A Painting From Memory

“Connie’s Memories,” 2009, Marian Stamos, artist. Item in collection of Michael John Neill. Image used with permission of the artist

The red rocker in the picture is nearly eighty years of age and is in amazingly good shape. I have it. It’s color is still vibrant given how much time has passed. The table and chairs have had the light blue paint stripped and have been refinished in a natural color, but are still functional. The stuffed bears have long since gone to that land where stuffed bears go when one last “surgery” is not very practical. The baby shoes strewn on the floor (with an apparent pair of socks) I think I actually have in storage box. The cat is likely one who never would have been allowed to set foot in the house the little girl lived in as a child. But it does resemble one that would sit on that little girl’s lap over six decades later long her granddaughters were significantly older than she is in this picture.

The two small bracelets on the table are from the birth of that little girl who weighed slightly less than five pounds when she was born in 1942. I have them and have held them in my hand. They are small. I realized that the little girl was smaller than my slightly over five pound grandson born just a month ago. A little boy who, while he flourished, was small.
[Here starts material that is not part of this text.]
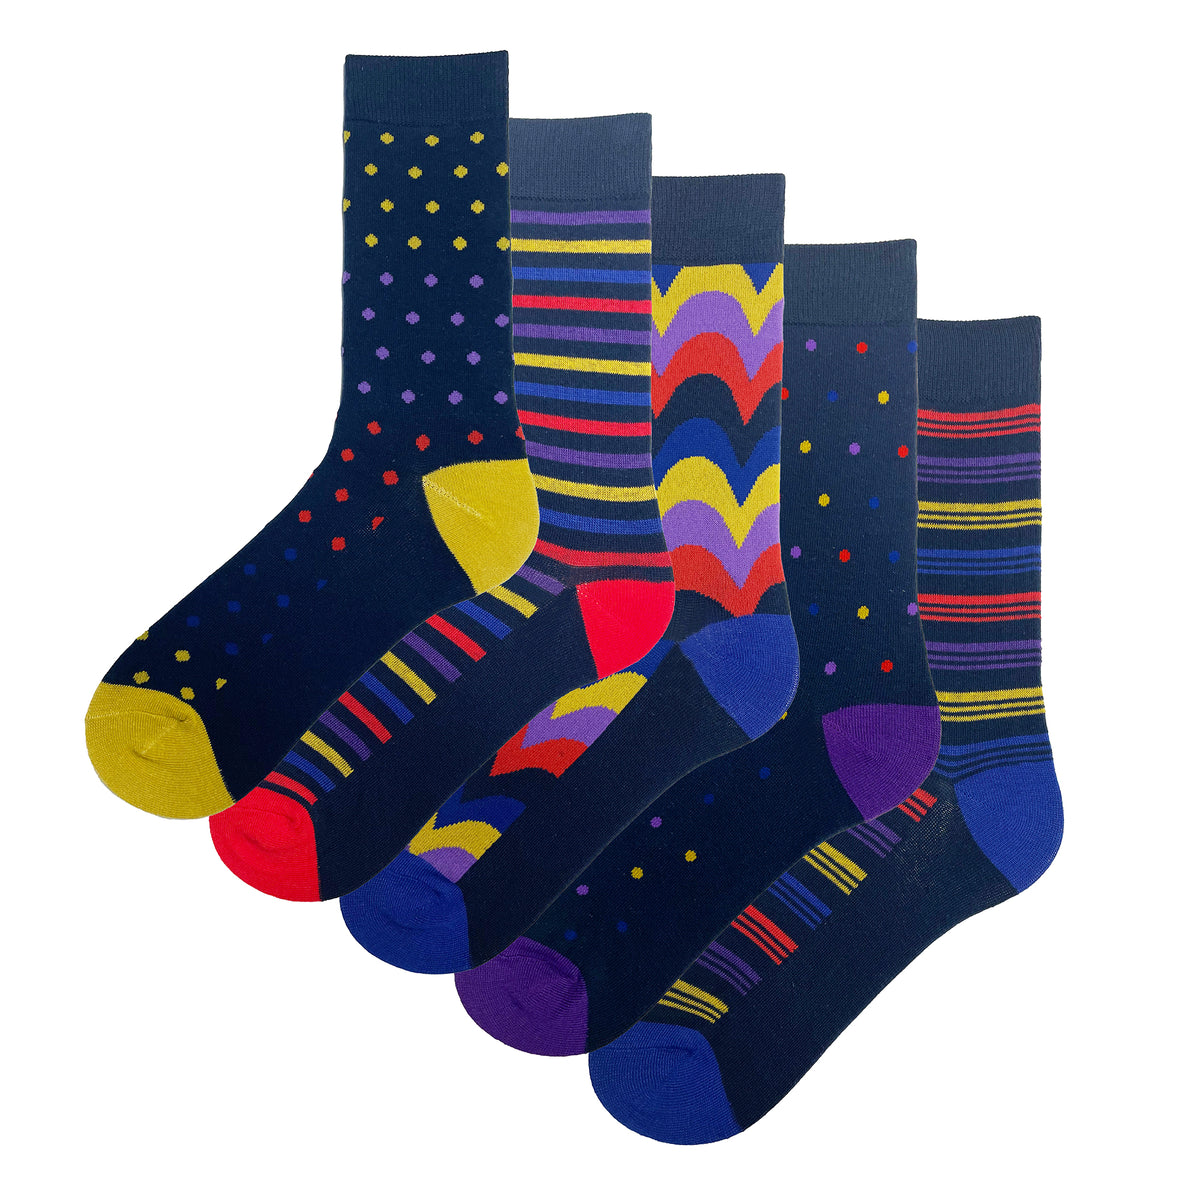 Mens Navy Dots/Stripes Socks 5 Pack

And then I remember that my mother, the little girl in the picture, was even smaller and the little blue bracelet with her name on it is a physical reminder of just how small she was and how lucky she was to survive.

The painting is one that my mother asked a friend to paint in 2009 to include Mom as a child along with things she remembered from her childhood. The picture was not intended to capture a specific moment but rather was to serve as a reminder of a larger time in Mom’s life. There’s been a little bit of artistic license with the time frame.

I reached out to the artist to get her permission to use an image of her painting in this blog post and to see what she could tell me about the creation of the picture. I knew the artist’s name without even looking to see what it was. She was in my parents’ wedding. She went to school with my Mom. Her annual Christmas card arrived from somewhere seemingly exotic and sophisticated (at least to me) and Mom would always be excited to receive it. The long-term friend of my Mom’s-turned-artist was, as we like to say back home, “a little bit of relation.”

Permission was graciously granted for me to use an image of the painting. We discussed several things in an email conversation, and it seemed that “Connie’s Memories” the painting had transitioned into “memories of Connie.” The one thing that I will share is that, unbeknownst to me, the artist met me when I was still a newborn.

My own memories do not extend that far.

I’m not certain if the book on the table is a special book or not. But I do know that a photograph of my mother was used as inspiration for the girl shown in the picture. Mom had that color hair as a child although the black and white pictures I have do not show that. The artist would know.

It’s a nice painting and it reminds me of Mom and the things that some of us have from our childhood–either physically or only existing in our minds–that serve to remind us of that childhood. I think those things and those memories were a comfort to Mom. And maybe that little girl is looking out the window and wondering what life will hold for her in the future.

Ironically it makes me think about the past.

Don’t forget before you use any images created by other individuals–paintings, photographs, digital imagery, sketches, etc.–get permission to use those images or images of those items online. Possession of the original is not sufficient to allow you to plaster images of something all over the internet.